HCG: = humaan choriongonadrotrofine. ‘Het zwangerschapshormoon’. Wordt aangemaakt in de placenta. Het stimuleert de productie van progesteron. Dit hormoon veroorzaakt de eerste zwangerschapsverschijnselen, zoals misselijkheid en moeheid.
HPL: = humaan placentair lactogeen hormoon. Wordt geproduceerd in de placenta. Is vanaf 4 weken zwangerschap aanwezig. Het voorkomt dat het lichaam de zwangerschap uitstoot. Het speelt ook een rol bij de suikerstofwisseling en rent het andere hormoon, prolactine, dat de borstvoeding stimuleert.
Prolactine: Dit wordt geproduceerd in de hypofyse. Dit hormoon speelt een rol bij de ontwikkeling van de melkklieren. Het heeft ook invloed op de samenstelling, volume en afgifte van de moedermelk.

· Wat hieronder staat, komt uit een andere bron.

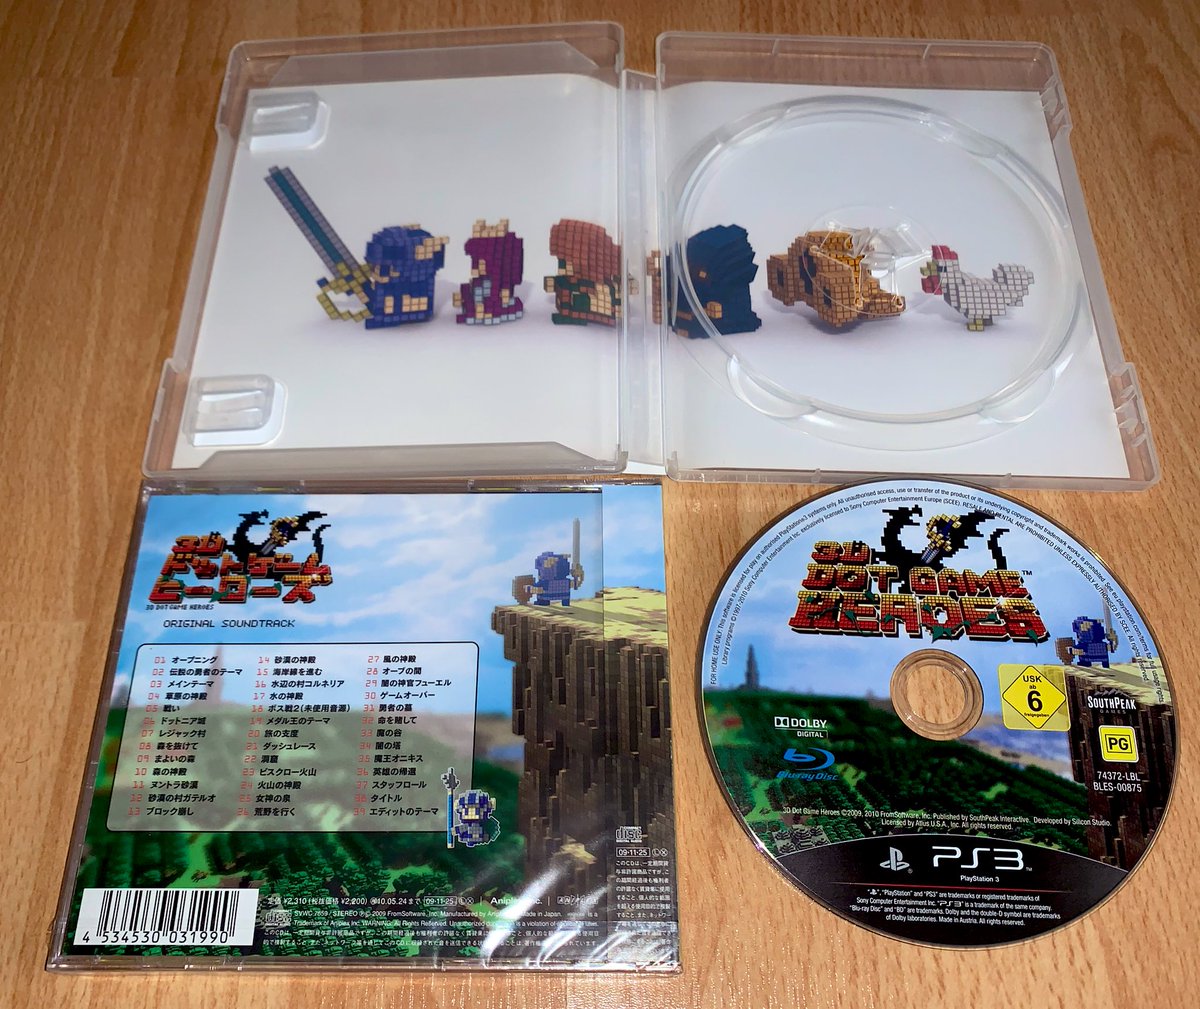 3D Dot Game Heroes (PS3, 2010) Toujours exclusif PS3 à l’aube de ses 10 ans, ce petit bijou est peu courant, surtout avec ses notice (une VRAIE !) et jaquette françaises, même si le jeu est en anglais.J’en ai gardé un second exemplaire neuf, ainsi que le CD de sa super OST.

Oxytocine: Dit wordt geproduceerd door de hypothalamus. Tijdens een zwangerschap worden de afgifte en de werking beperkt door de hoge progesteronspiegels. Rondom de bevalling neemt de hoeveelheid progesteron af en neemt de invloed van oxytocine toe. Oxytocine speelt een rol bij het samentrekken van de baarmoeder rondom de bevalling en bij de samentrekking rondom de melkkanaaltjes van de borsten waardoor melk naar buiten geperst wordt. Afgifte van oxytocine wordt sterk gestimuleerd op het moment dat een baby uit de borst drinkt.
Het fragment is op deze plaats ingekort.